Production in the salt pan has come down drastically due to raw untreated sewage being let out into the south Buckingham Canal and the early closure of the sand bar at the mouth of the canal where it joins the Bay of Bengal.

Over the last 10 years, salt production in Kelambakkam, Thiruvidanthai, Thaiyyur, and Kalavakkam — villages south of Chennai — has reduced from the minimum of 70,000 tonnes a year. Around 3,500 acres of land has been leased out by the Central (2,500 acres) and State governments (950 acres in Kadambadi near Mamallapuram) to salt manufacturers.

‘Supply salt-rich water from desal plant’

According to K. Mariappan, managing partner of SKM Subbiah Pillai and Son, whose family has been in the business for four generations now, the number of salt manufacturers has come down from 185 to just four due to these reasons. “The smaller players, including a Harijan Cooperative Society, have left due to the shortage of brine. There are 22 leases distributed among four big manufacturers. The Salt Department too stopped giving leases to small and medium salt manufacturers. If salt-enriched water, which is a reject of the desalination plant at Nemmeli is supplied to us, it would help salt trade in the area,” he says.

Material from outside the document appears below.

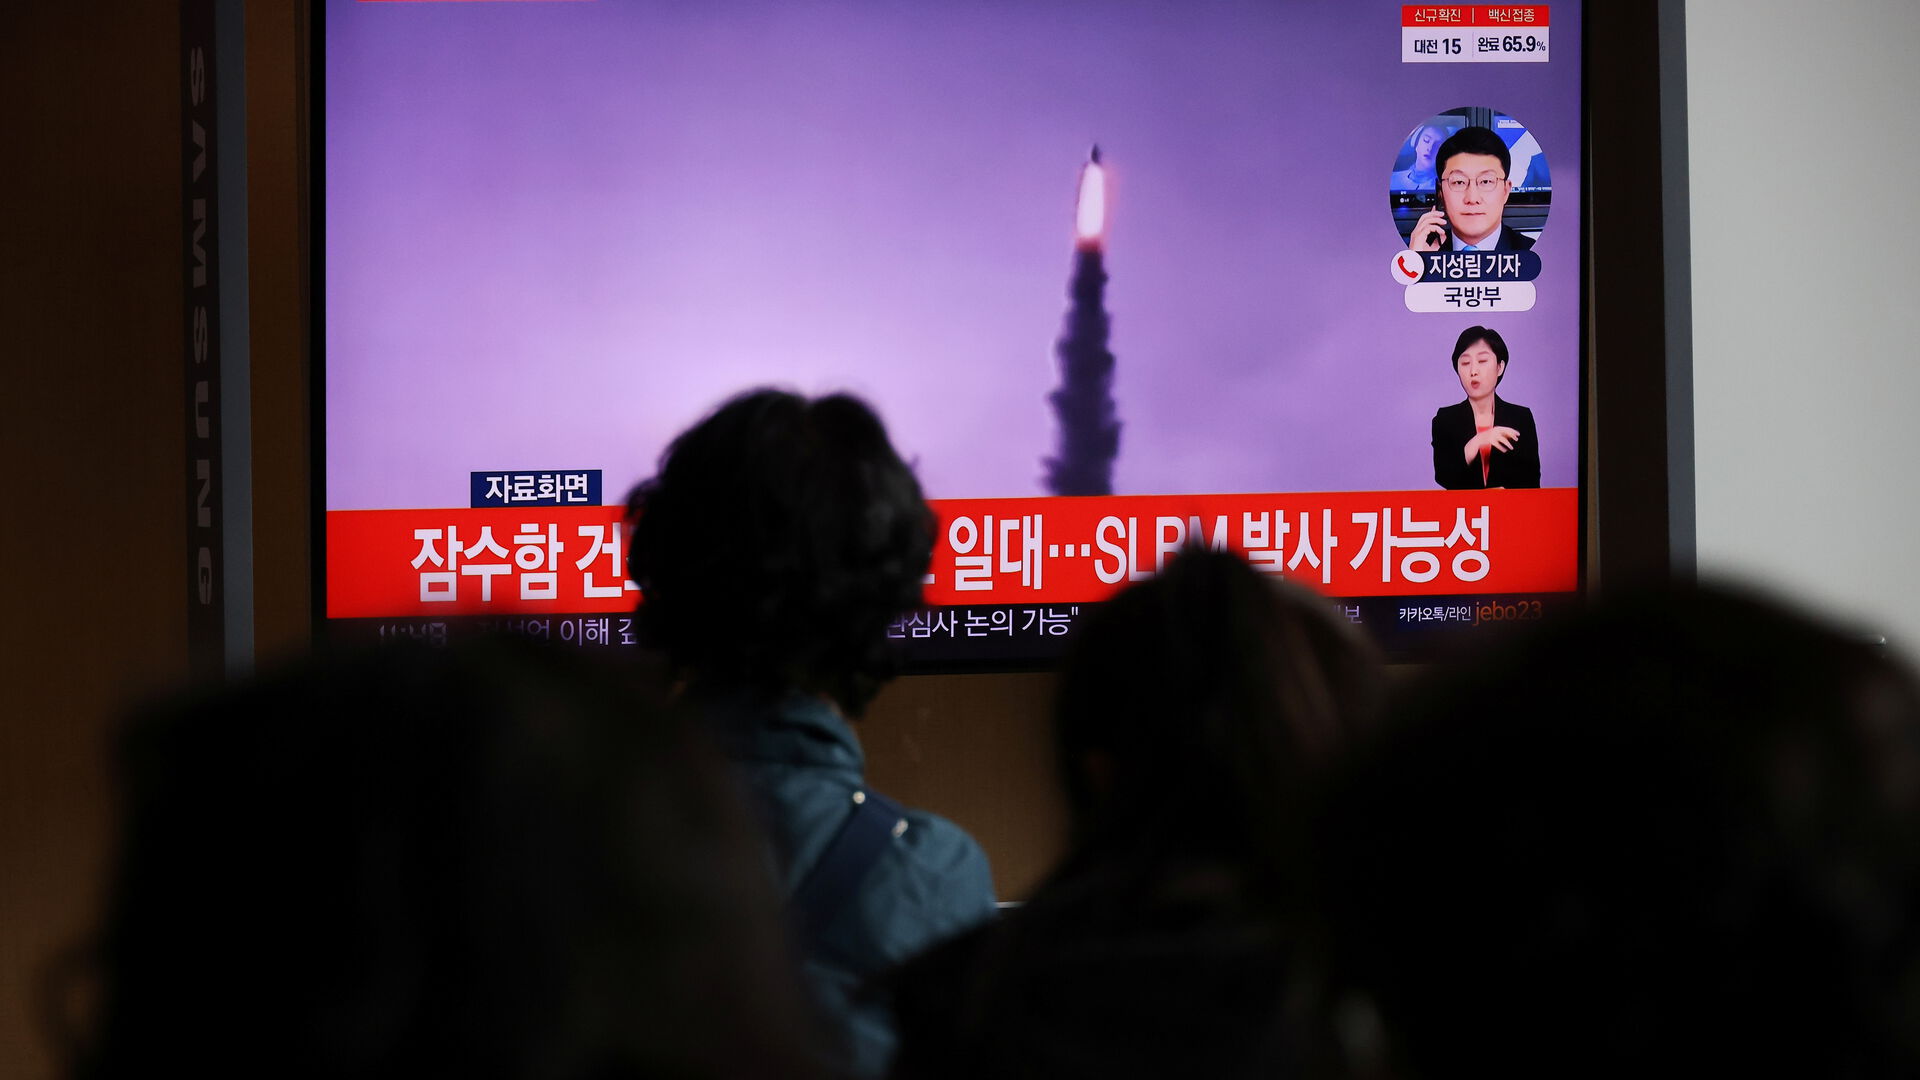 North Korea fired at least one ballistic missile Tuesday

As the water in the canal is polluted, salt manufacturers have been forced to extract sub-soil brine from the ground. Though the density of such brine is higher than seawater, the output is not much, thereby leading to reduced salt production.

Though salt can be manufactured using seawater during the period from January to September, it stops in April due to the frequent closure of the sand bar. “If the sand bar is closed, seawater cannot enter the canal. We have written to the Public Works Department requesting it to dredge the mouth but haven’t received a response yet. Metrowater, too, has turned a deaf ear to our requests to prevent sewage inflow into the canal,” says a source in the Central government’s Salt Department. It gets an annual lease amount and a cess from salt manufacturers.

Inland fisheries hit

Inland fishermen of villages including Kovalam, Kanathur and Pudhu Kalpakkam, have been hit by the same issues. They say fish production has come down and many of them have skin ailments due to standing in polluted water.

B. Ramadas of Kovalam says that around 500 men in his village are dependant on the canal. “Sometimes we see fish floating in the water. Earlier, we caught fish such as madava, ora and oodan but not anymore. A row of pillars constructed to carry a pipeline from the desalination plant has also caused a blockage in the canal. The contractors have not removed the earth dumped during the construction.”

Another fisherman, E. Jaishankar of Vada Nemmeli, says that 25 families in his village are dependent on the canal. “We go to various spots including Kunukadu, Muttukadu and Kanathur, to catch jelly fish. Earlier, we were able to get around 800 kg a day. But now it has come down to just 200 kg. Our income, which was around Rs. 3,000 a week, is now just Rs. 1,000. The government must intervene and open the sand bar,” he says.